Frantic with Last Minute Christmas Shopping?

My guess is that even with Christmas less than a week away, many of us are still frantic trying to make sure we get those last minute gifts for our tweens and teens.  If your kids are anything like mine, something seems to happen in our teens’ brains the week before Christmas.  Those synapses that didn’t seem to be fully functioning as the semester came to a close suddenly switch into high gear. Without prompting, it’s as if a whole new Christmas list begins to  emerge.

Just when I think my shopping is done, I sometimes find out that what I’ve already purchased is no longer on the Christmas list.  Things that have never before been mentioned become all they want under the tree.

And we question our purchases and run back out to the store to get the “special” gift.  After all, most of us don’t want our kids to be disappointed on Christmas day.

Last week my son and I were in the car together talking about what he might get his siblings for Christmas.  Of course, the conversation turned to what he was hoping would be under the tree for him.  I listened in disbelief as he told me that all he wanted was two items.  The crazy part for me was that I had no idea those two things were even on his list even though he assured me he had mentioned them several times.

So I do what most parents do.  I debate with myself.  Do I take back an item and replace it with the new wish or do I just add to my Christmas budget rationalizing that Christmas only comes once a year?

And then a Christmas memory surfaces from when my kids were teens.  The latest requested gift was not under the tree.  Some of you might remember the video game Rock Band that was out several years ago.  It came with electronic drums, a guitar, and a microphone.  Yes, there was some disappointment that it wasn’t under the tree, but then something amazing happened.
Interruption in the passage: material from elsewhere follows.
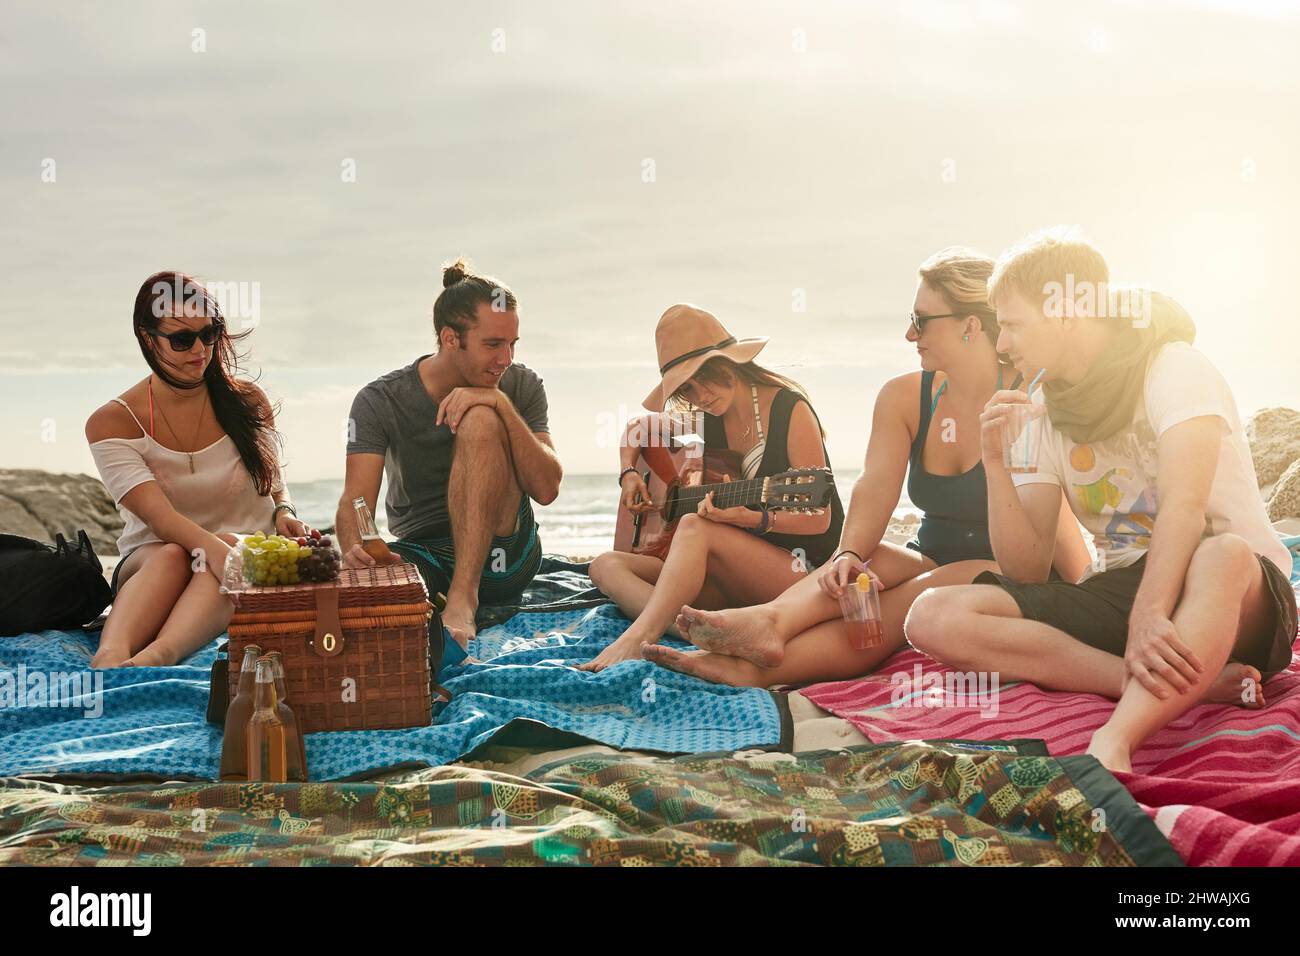 Unsere besten Erinnerungen werden am Strand gemacht. Aufnahme einer Gruppe glücklicher junger Freunde, die gemeinsam ein Picknick am Strand genießen. Stockfoto

I think for the first time in history all of my kids agreed on something.  They agreed they needed Rock Band.  Then they devised their own plan.  They pooled their money (not equally, but as each one could afford), and they decided together to purchase the game.  My husband and I had no part in the discussion.  They worked it all out on their own and they had the most awesome Christmas break ever!  They took turns playing guitar, drums, or doing vocals and they laughed like I’d never seen before.

It made me realize what we would have missed if we had put the game under the tree.

Almost a decade later, if we talk about Christmas memories, that one is the first to surface.  They learned some valuable lessons that year.  

  • They learned that Mom and Dad are not always going to supply every want under the tree.
  • They learned to deal with disappointment on Christmas day.
  • They learned problem solving and negotiation skills.

And most of all–they created an awesome memory that will be remembered for a lifetime.

We all know that Christmas is not about the gifts–but is that how we parent?  Are we more focused on giving our kids exactly what they want at that moment in time or are we focused on the memories that will remain even after the gift has lost its appeal?

Many of you have probably seen the IKEA video that went viral on Facebook.  While the kids in the video are certainly younger than  tweens and teens, I’m guessing that in reality if that experiment was done with our kids, we’d see similar results.  

Dare you to contemplate what memories you want your kids to have on Christmas morning or throughout the holiday season and decide if the frantic trip to the mall might be sending the wrong message.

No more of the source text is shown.